By default set to 0.005.
[-T maxitr] Number of optimization iterations. By default set to the maximum between 5,000
and the number of iterations resulting by using a convergence threshold on the aggregated
change in score predictions.
[-v verbosity: 1 to 5] Amount of printed detail about the training of the classifier. By default set to 1
(light profiling information).
- Prepare the final model using ./seql_mkmodel (this builds a trie on the features of the model for fast classification). Usage:
./seql_mkmodel [-i model_file] [-o binary_model_file] [-O predictors_file]

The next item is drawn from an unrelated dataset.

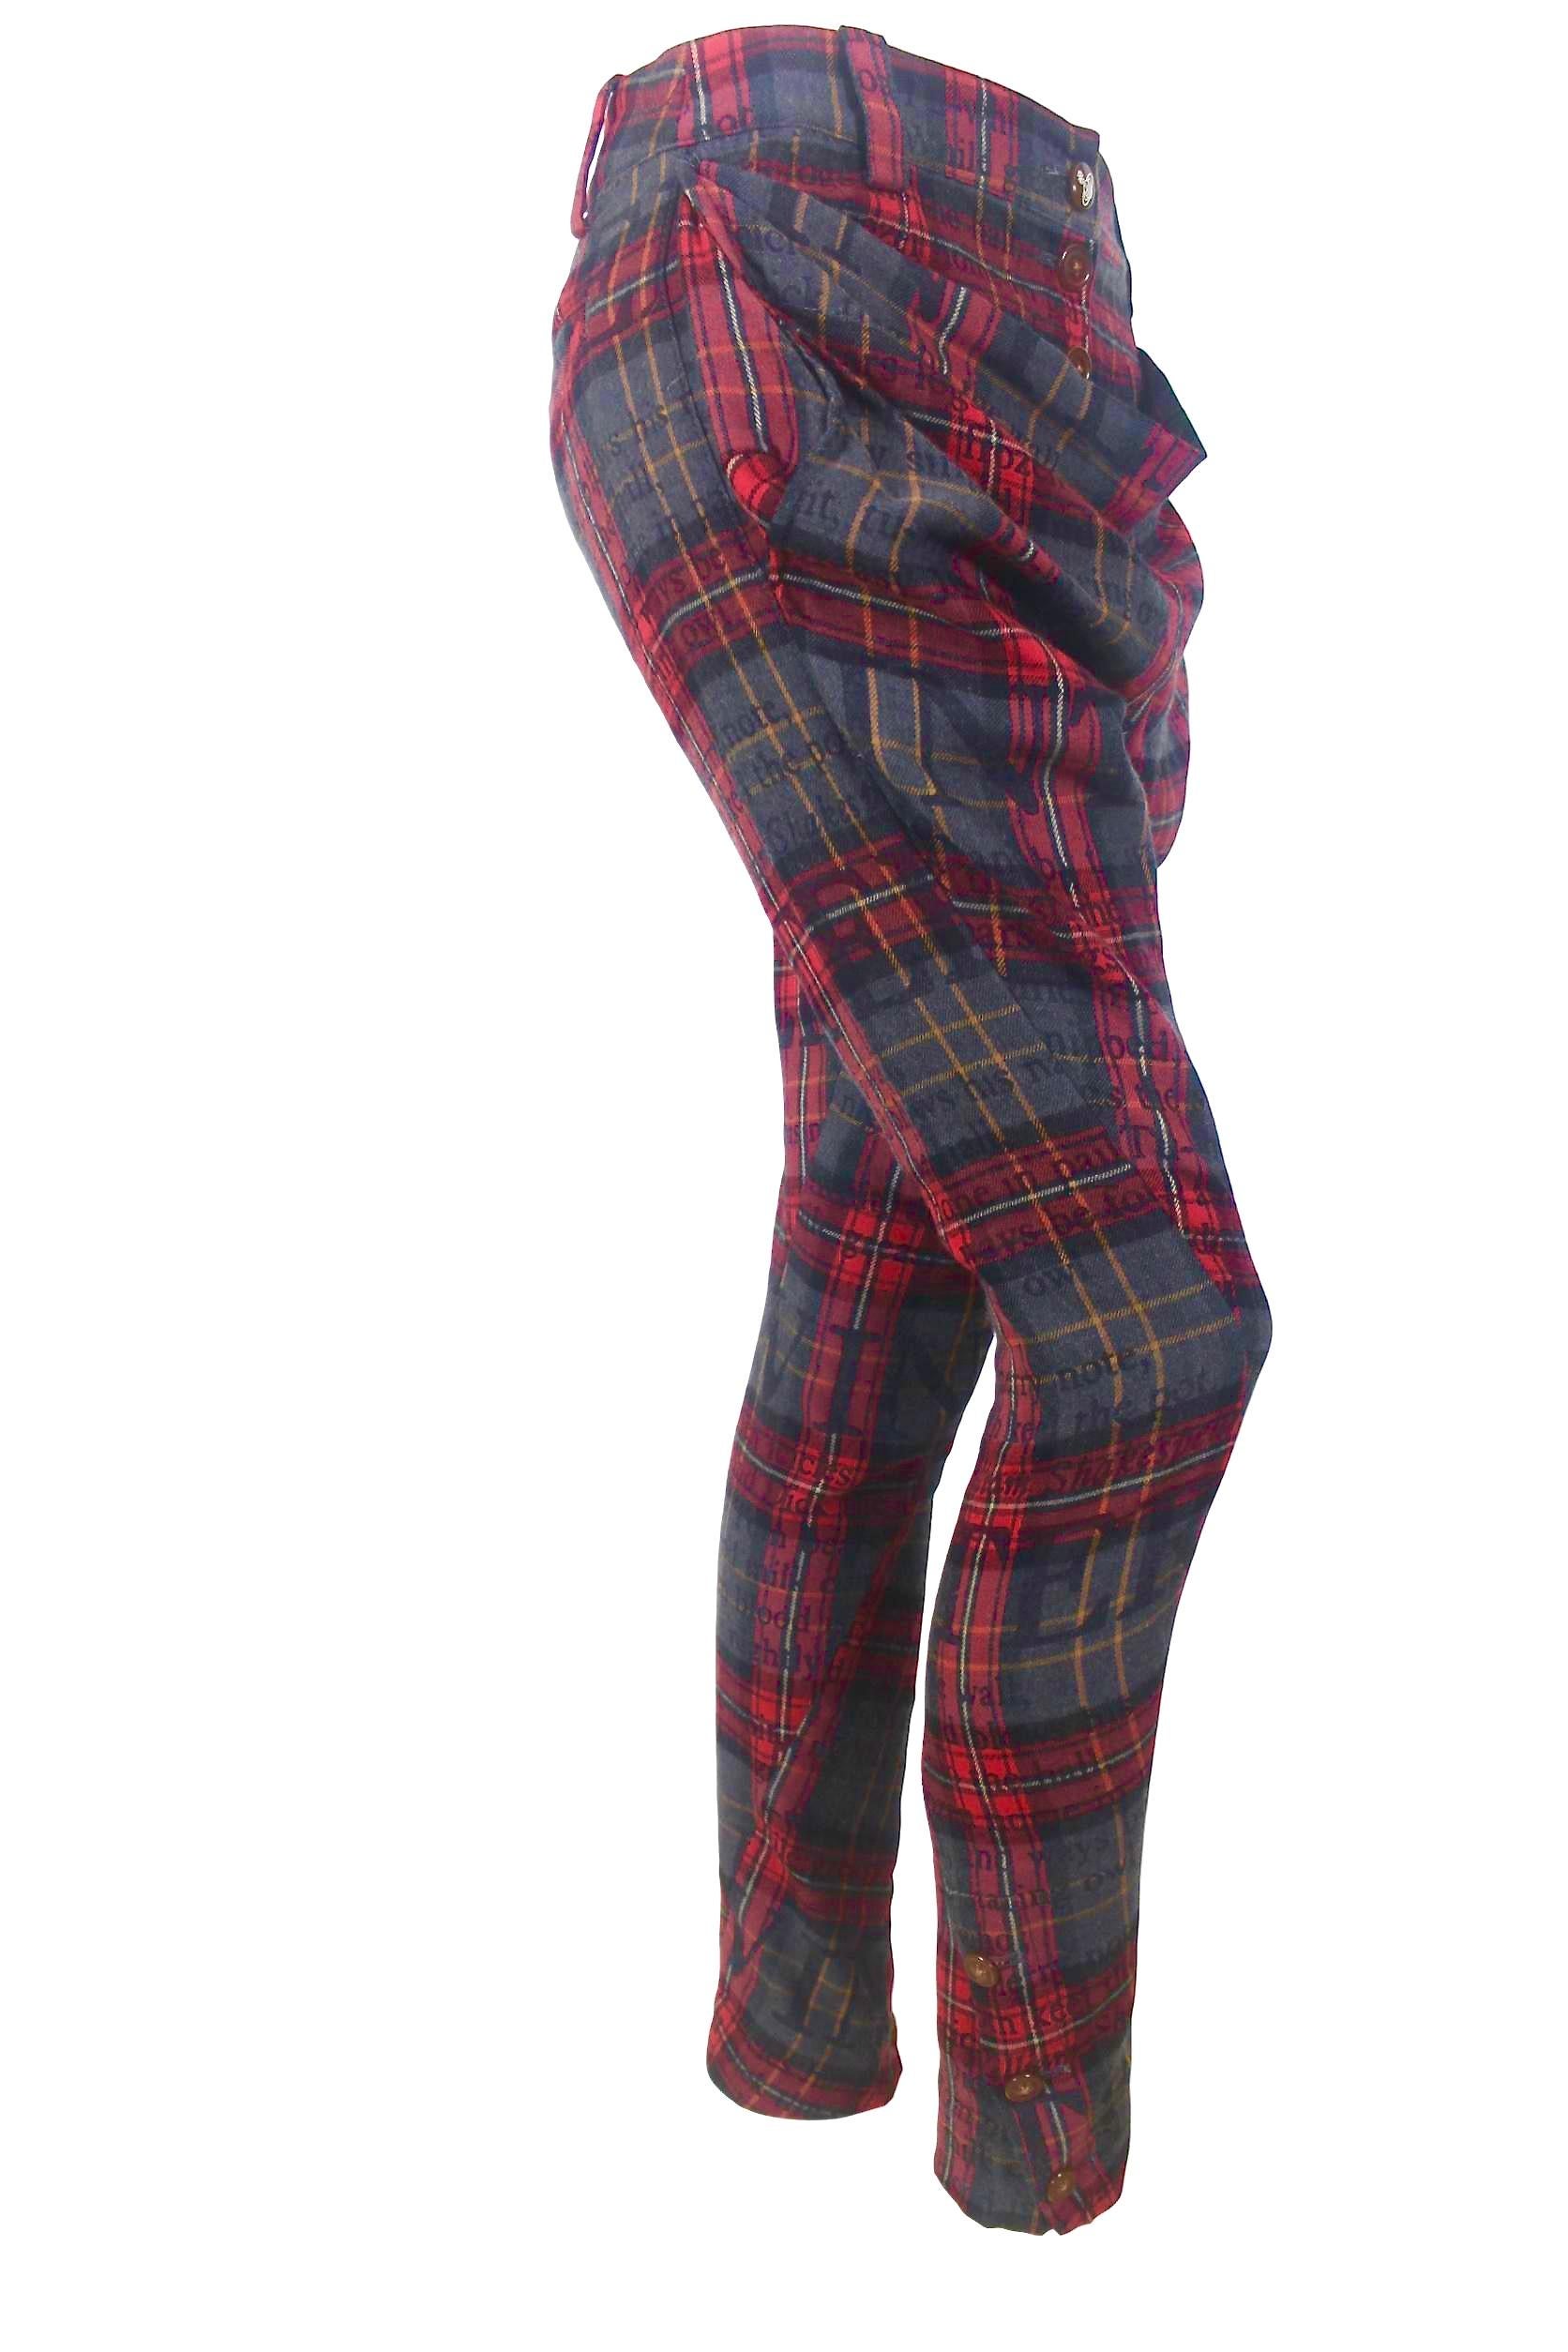 Vivienne Westwood Red Label Twisted Leg Tartan Trousers 6

- Classify using ./seql_classify (apply the learned model on new examples). Usage:
./seql_classify [-n token_type: 0 word tokens, 1 char tokens; by default set to 1] [-t classif_threshold: default 0] [-v verbosity level: default 0] test_file binary_model_file
- For multiclass data:
./seql_multiclass [train data] [test data] [output directory] [window size] [word length] [alphabet size]
For binary data:
./sax_convert -n 0 -s 1 -N 60 -w 16 -a 4 -i data/Coffee_TRAIN -o sax.train -I data/Coffee_TEST -O sax.test
./seql_learn -n 1 -v 1 -A 4 -d 1 sax.train seql.model
./seql_mkmodel -i seql.model -o seql.model.bin -O seql.predictor
./seql_classify -n 1 -v 0 -p seql.predictor -d 1 sax.test seql.model.bin
Optionally one can tune the classification threshold on the training set, to minimize the number of training errors:
./seql_classify_tune_threshold_min_errors -n 1 -v 2 data/sax.train seql.model.bin
Best threshold:0.0746284
and use the best theshold for classifying the test set:
./seql_classify -n 1 -v 0 -t 0.0746284 -p seql.predictor -d 1 sax.test seql.model.bin
Or we can do all the above steps in one line of command:
./sax_seql -t data/Coffee_TRAIN -T data/Coffee_TEST -d [directory for output] -n 60 -w 16 -a 4
These software distributions are open source, licensed under the GNU General Public License (v3 or later). Note that this is the full GPL, which allows many free uses, but does not allow its incorporation (even in part or in translation) into any type of proprietary software which you distribute. Commercial licensing is also available; please contact us if you are interested.
This program is distributed in the hope that it will be useful, but WITHOUT ANY WARRANTY; without even the implied warranty of MERCHANTABILITY or FITNESS FOR A PARTICULAR PURPOSE. See the GNU General Public License for more details.